Как же все выходило по рассказу няни? Валя — коварная «ехидна», змея, вползшая в дедушкин дом. Такой же и ее отец. Дедушка — мужественный «слуга царю», справедливый в своем гневе на маму после ее бегства… Рассказывая о том, как он проклинал маму, няня еле говорила от слез.
А наш папа… По-няниному выходило, что он — злодей, нарочно околдовавший и погубивший нашу маму — доверчивую и беззащитную «голубку»…
Когда няня кончила рассказ, мы долго молчали.
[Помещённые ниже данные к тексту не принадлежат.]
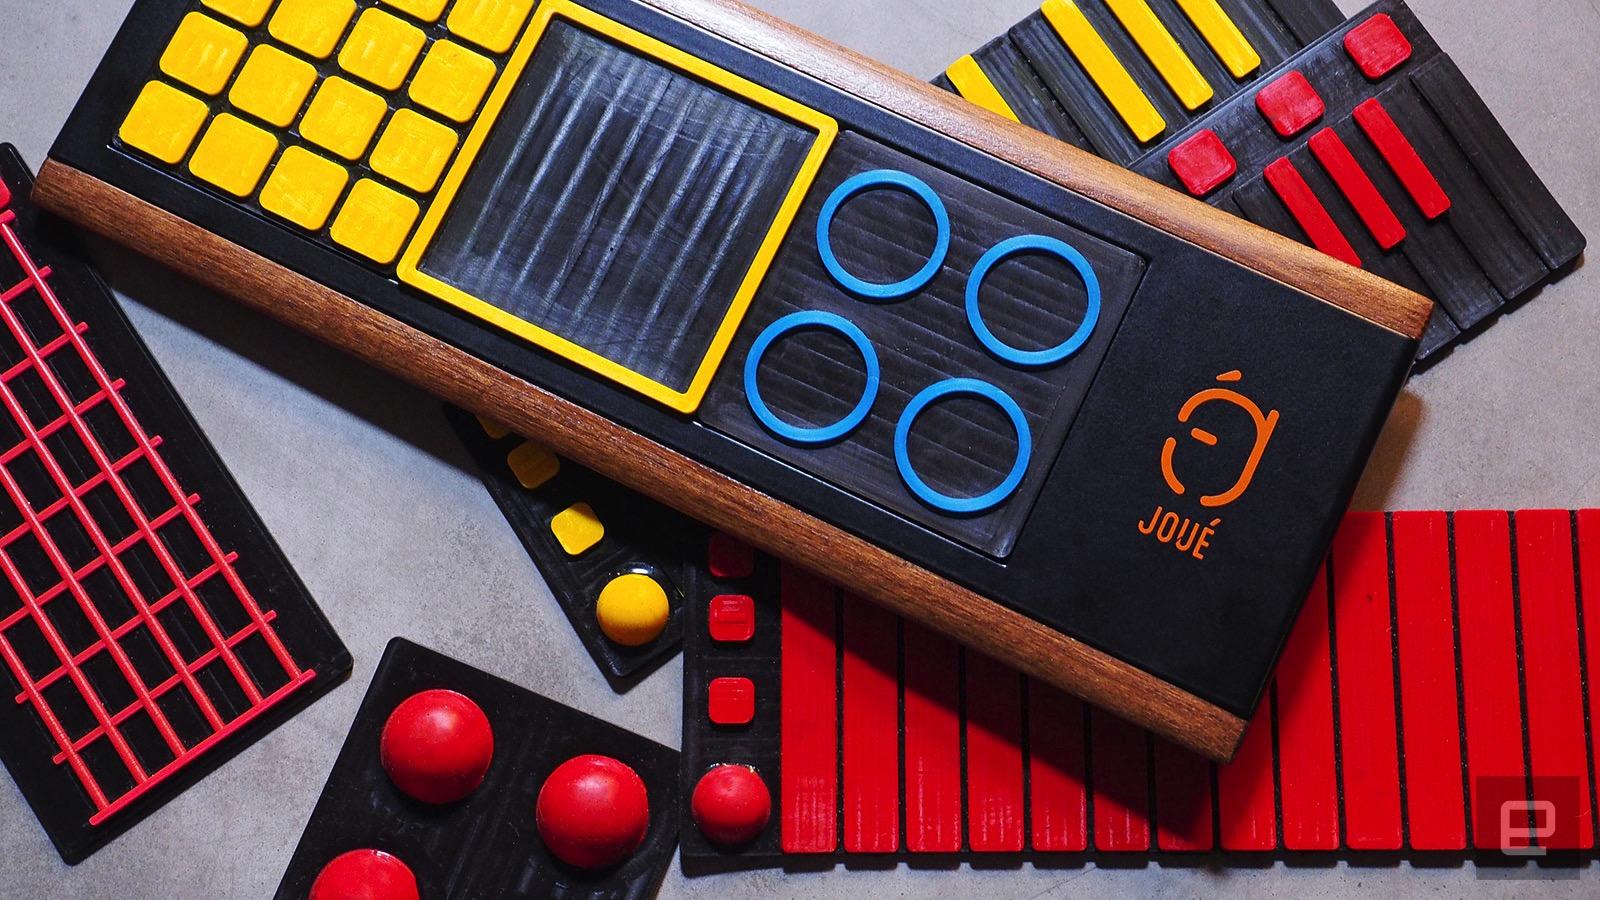 Joue s MIDI controller adds tactile fun to music-making
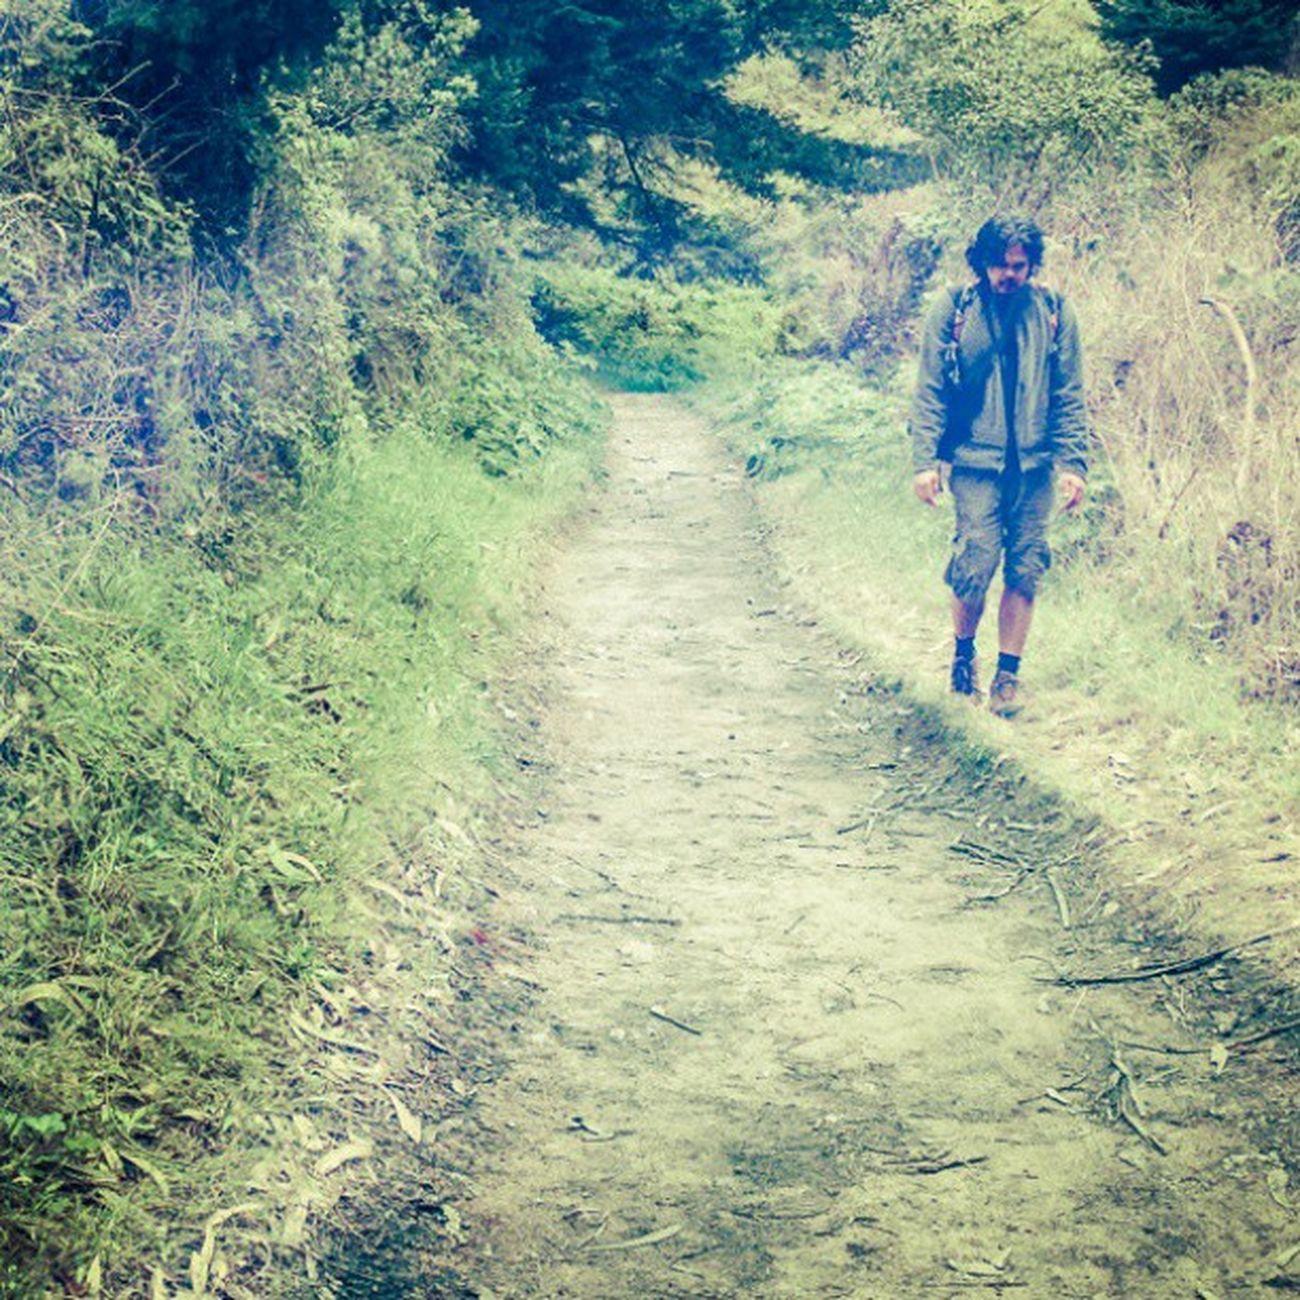 Hiking the less beaten path of Palomarin Trailhead. Bolinas , California

Я не могла прийти в себя. Наконец я спросила:
— Значит, моего папу ты никогда и не видала, няня?
Лицо няни вдруг стало злым и упрямым.
— «Папа», «папа». Не было у тебя папы! Разве такие папы бывают? Видно, околдовал чем Наташеньку, изверг окаянный.
— Я не хочу, чтоб ты так говорила о моем отце, няня! — крикнула я. — Это неправда, — он хороший.
— Хороший? Против царя и бога пошел! Наташеньку, твою мать родную, загубил, а ты говоришь, — хороший! Может, мама твоя и сейчас бы здесь с нами была!
Последняя фраза поразила меня. Я смотрела на няню и не находила что сказать. Снова в голове началась путаница, все вверх дном… Где же черное и где белое? У кого же правда?
— Барышня, идите скорей завтракать! Уже учительница пришла, — раздался за дверью голос Даши.
* * *
Училась я в этот день из рук вон плохо. Правда, и учительницы мои были донельзя рассеянны. Одна из них, уходя, сказала:
— Ирина, я вам не советую сегодня выходить из дому, — на улицах очень неспокойно.
Я подумала о Володе, и мне стало страшно.
Но среди дня Володя забежал домой. Пришел взволнованный, возбужденный, с горящими глазами. Я выбежала к нему в прихожую и молча бросилась ему на шею. Он крепко поцеловал меня. В это время из зала быстрыми шагами подошла Даша и остановилась в дверях. И от меня не ускользнул быстрый взгляд, которым они перекинулись с Володей.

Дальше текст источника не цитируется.